ACTIVITY =>
Nothing outside the stretch is wanted. Repeat exactly the lines of the listing below from the one that contains "Double Branch Baptist Church Cemetery" through the one that contains "Pukka Juice", both ends included.

SOURCE RECORDS =>
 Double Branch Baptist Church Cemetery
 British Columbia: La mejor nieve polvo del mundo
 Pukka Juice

--

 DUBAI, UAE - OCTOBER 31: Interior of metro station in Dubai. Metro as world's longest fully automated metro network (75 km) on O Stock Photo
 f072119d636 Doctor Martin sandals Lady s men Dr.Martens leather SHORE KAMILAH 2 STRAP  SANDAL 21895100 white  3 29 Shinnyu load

...

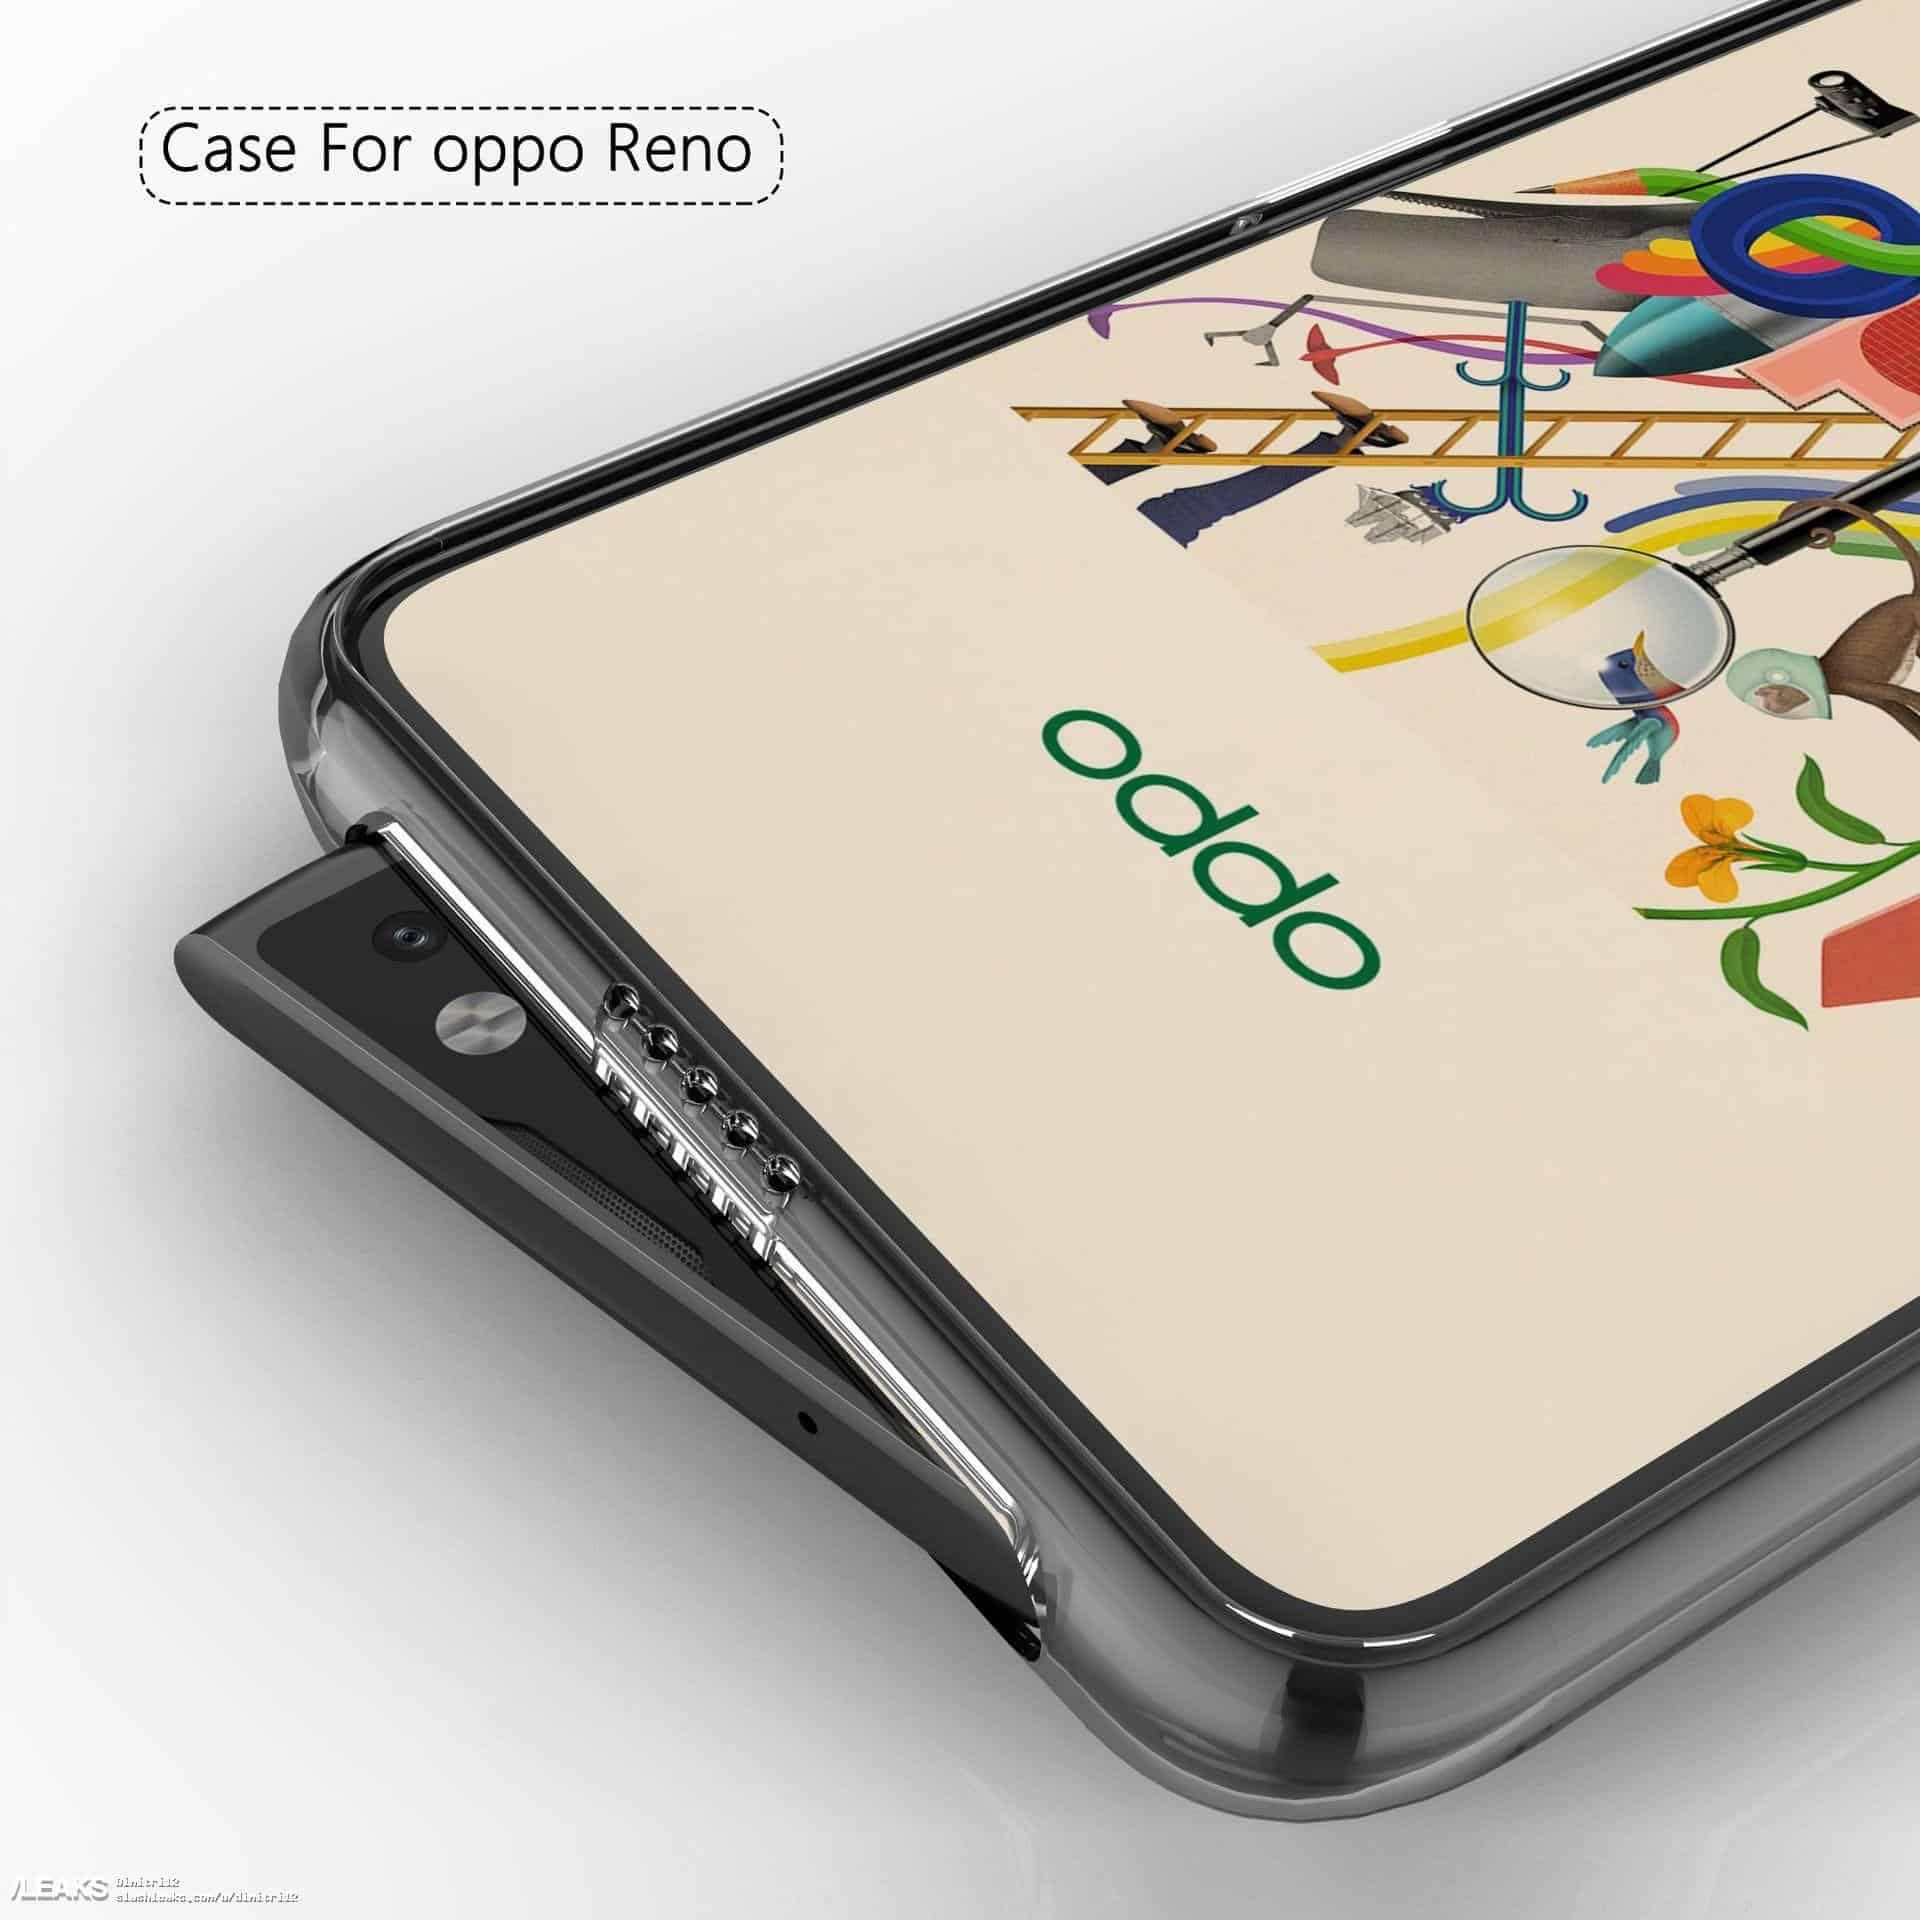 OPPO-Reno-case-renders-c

RESPONSE TO THIS EXERCISE =>
 Double Branch Baptist Church Cemetery
 British Columbia: La mejor nieve polvo del mundo
 Pukka Juice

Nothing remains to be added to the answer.